**LISTED RECORDS:**
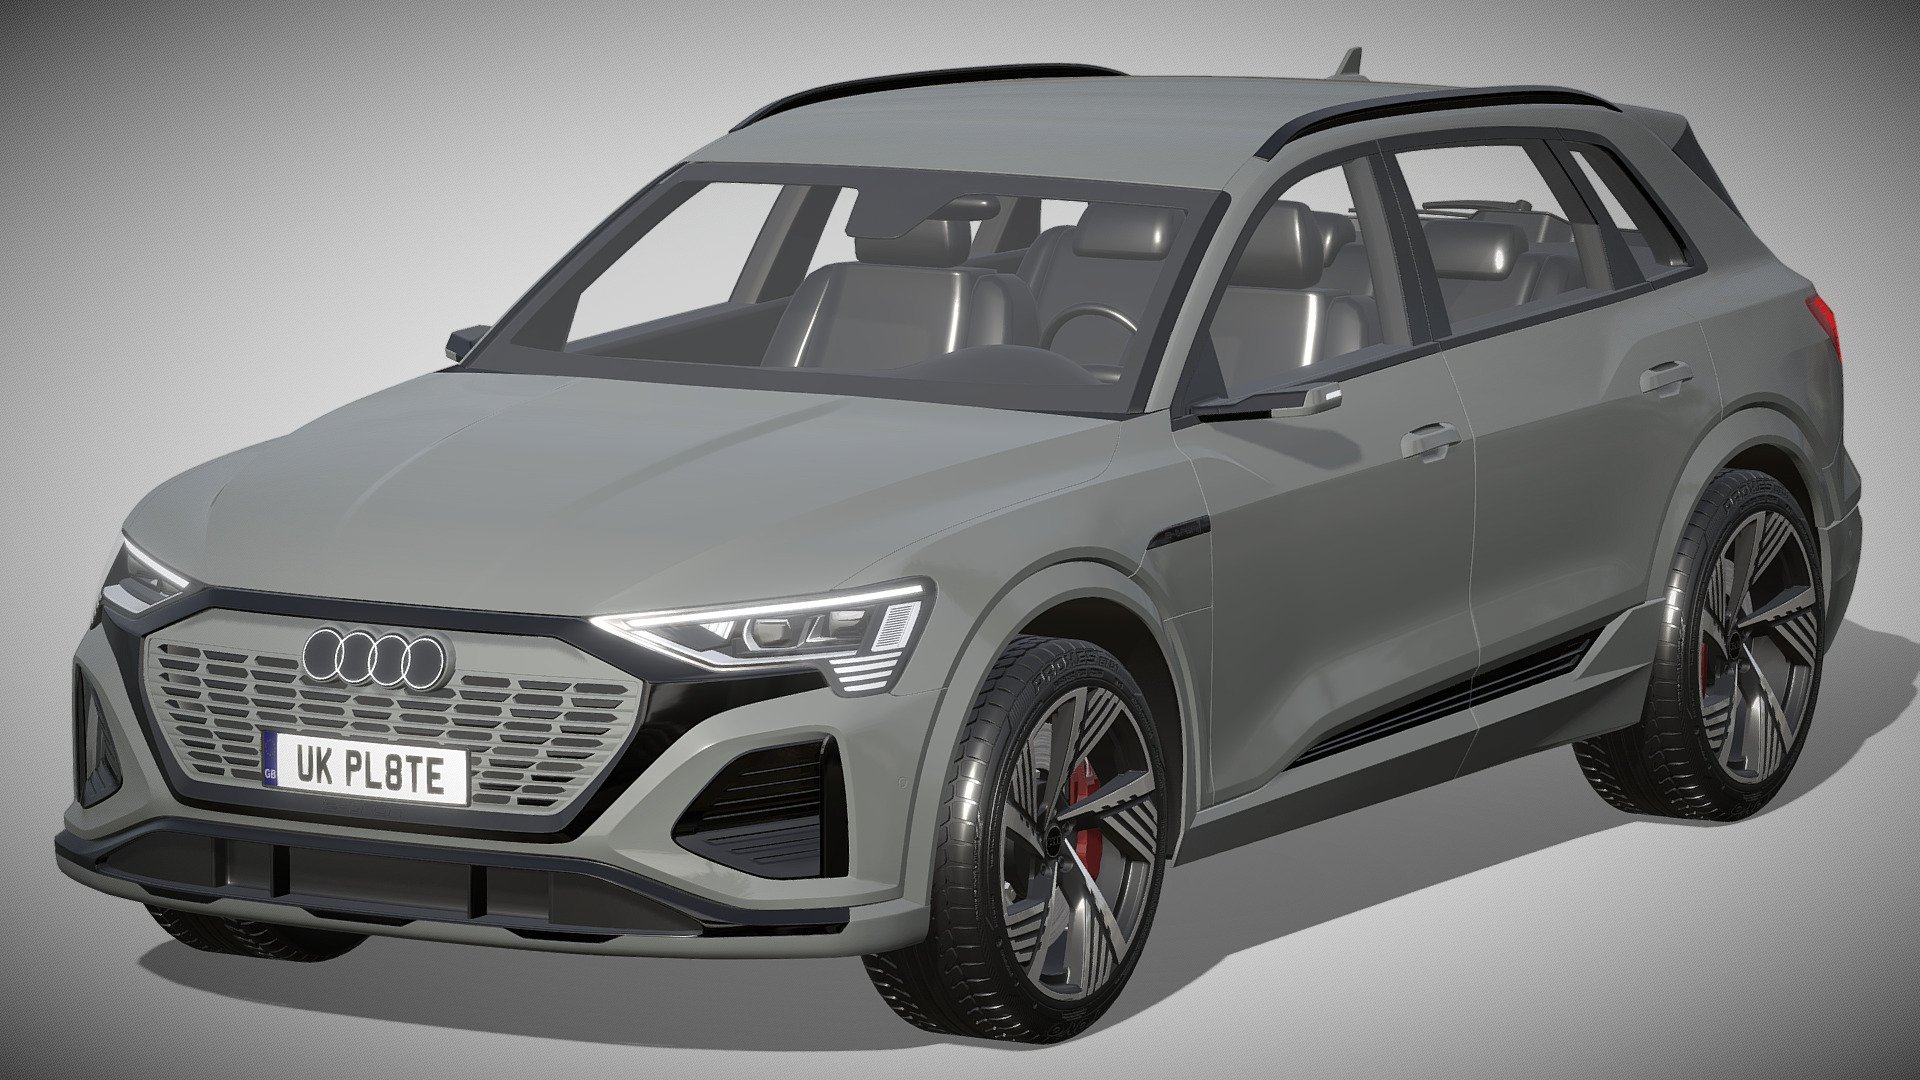 Audi Q8 e-tron

https://www.audi.de/de/brand/de/neuwagen/q8-e-tron/q8-e-tron.html

Clean geometry Light weight model, yet completely detailed for HI-Res renders. Use for movies, Advertisements or games

Corona render and materials

All textures include in *.rar files

Lighting setup is not included in the file! - Audi Q8 e-tron - Buy Royalty Free 3D model by zifir3d 3d model
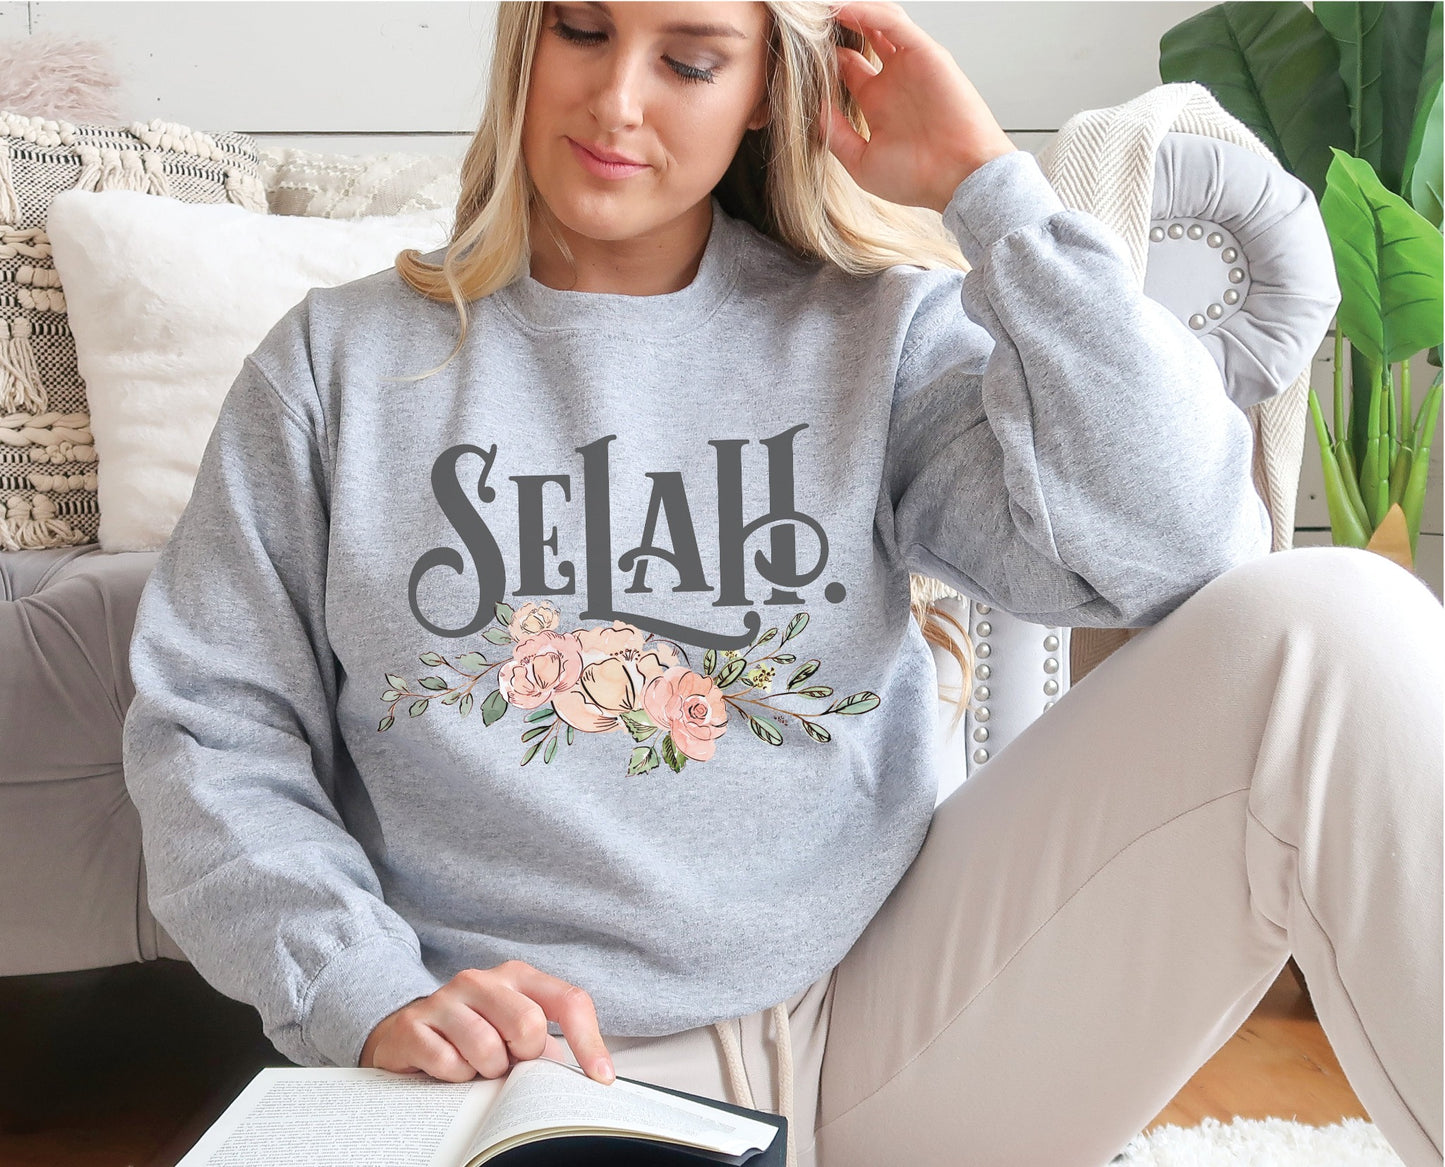 Selah Psalm watercolor floral Christian aesthetic design printed in charcoal gray, peach, blush pink, on cozy heather gray unisex crewneck sweatshirt for women
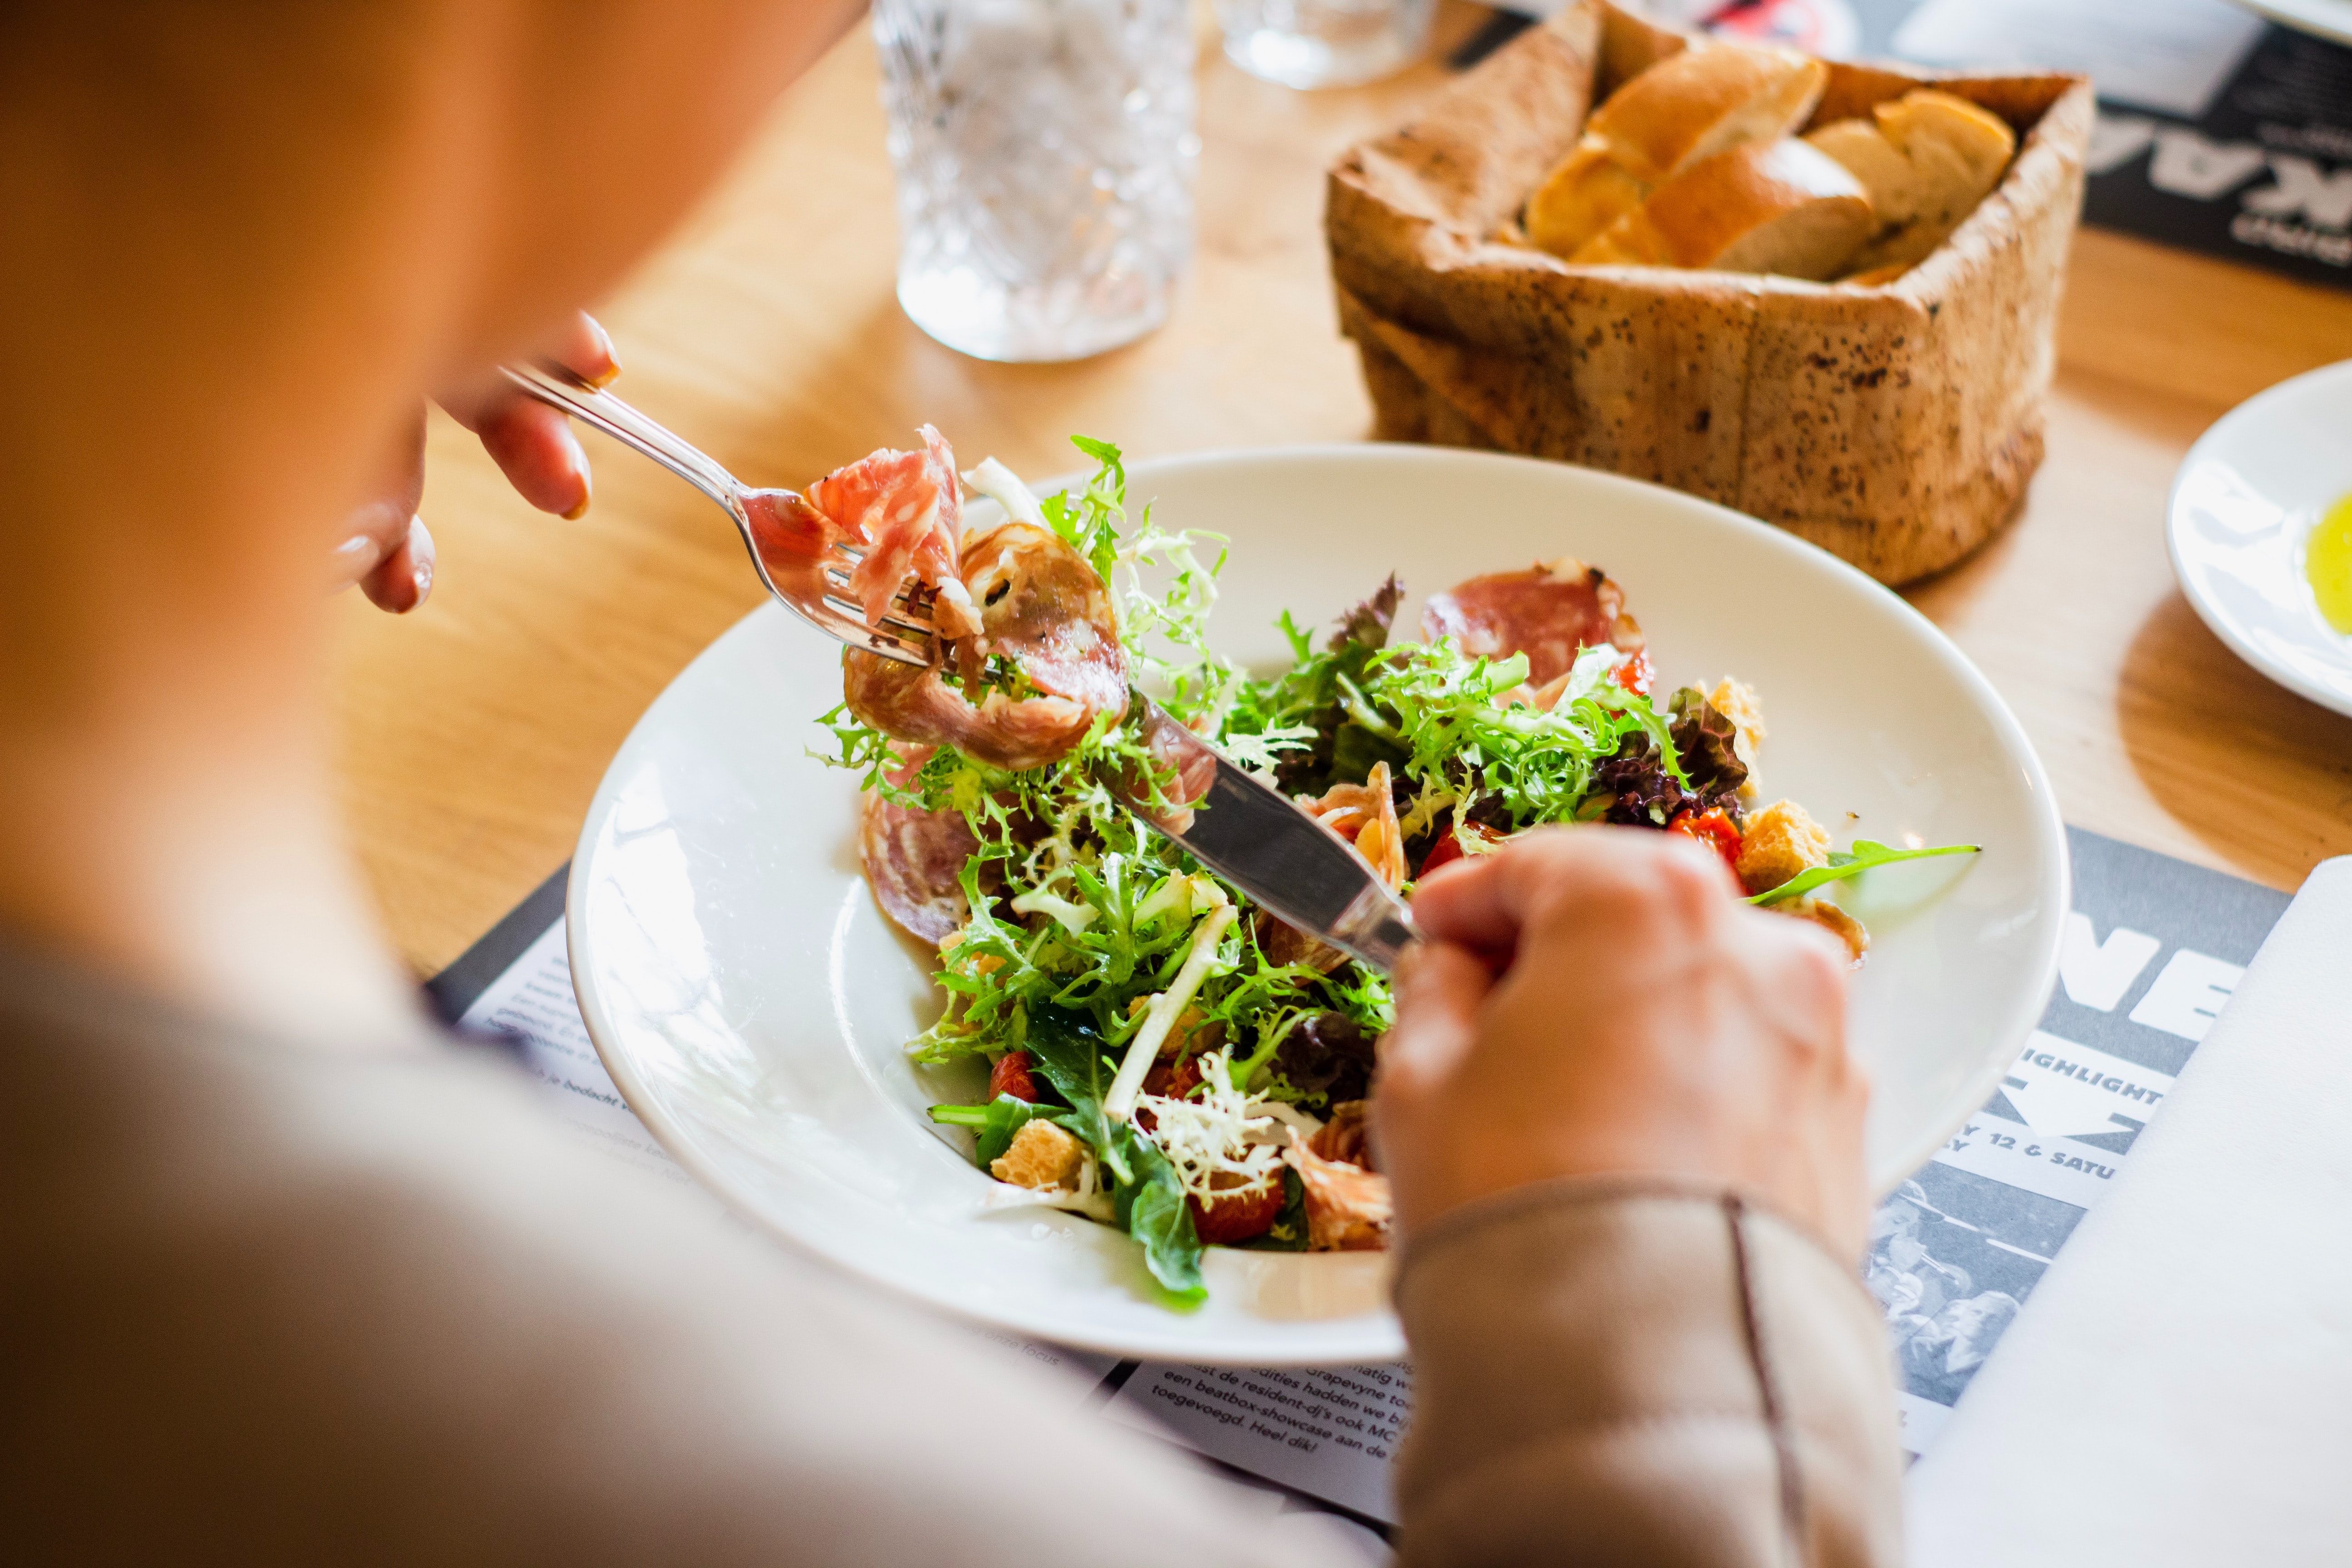 Alt: A person eating a dish with greens. Image courtesy of Unsplash, by Louis Hansel.
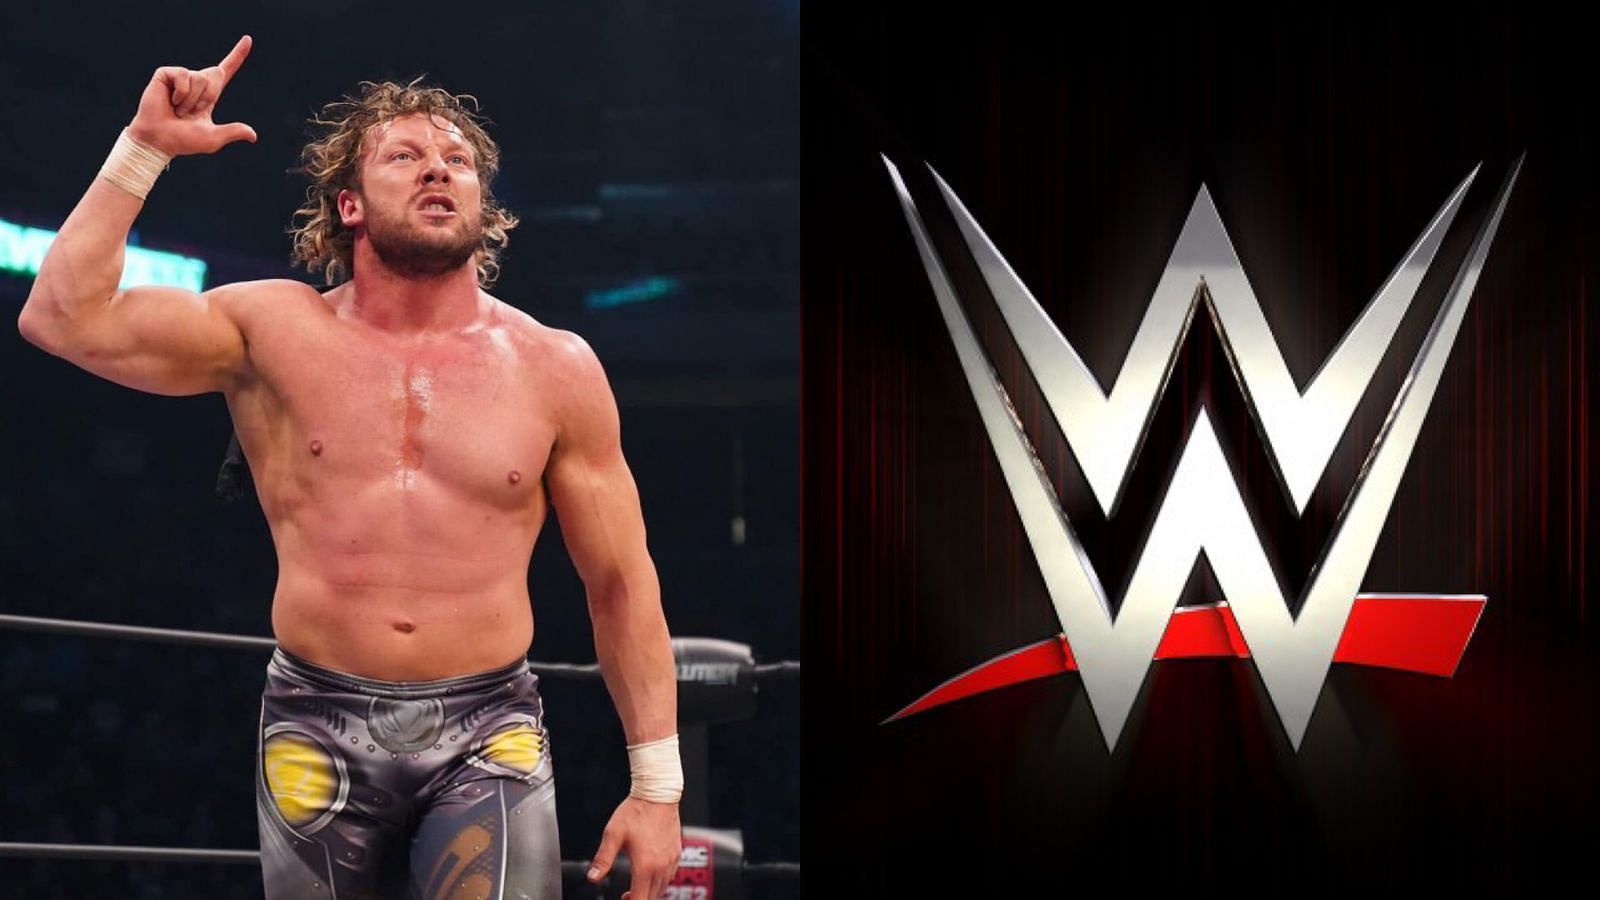 Kenny Omega had a small stint with WWE

**EXERCISE DETAILS:** Reproduce the full listing faithfully, but do not carry over any pictures.

**ANSWER FOR THIS EXERCISE:**
 Audi Q8 e-tron

https://www.audi.de/de/brand/de/neuwagen/q8-e-tron/q8-e-tron.html

Clean geometry Light weight model, yet completely detailed for HI-Res renders. Use for movies, Advertisements or games

Corona render and materials

All textures include in *.rar files

Lighting setup is not included in the file! - Audi Q8 e-tron - Buy Royalty Free 3D model by zifir3d 3d model
 Selah Psalm watercolor floral Christian aesthetic design printed in charcoal gray, peach, blush pink, on cozy heather gray unisex crewneck sweatshirt for women
 Alt: A person eating a dish with greens. Image courtesy of Unsplash, by Louis Hansel.
 Kenny Omega had a small stint with WWE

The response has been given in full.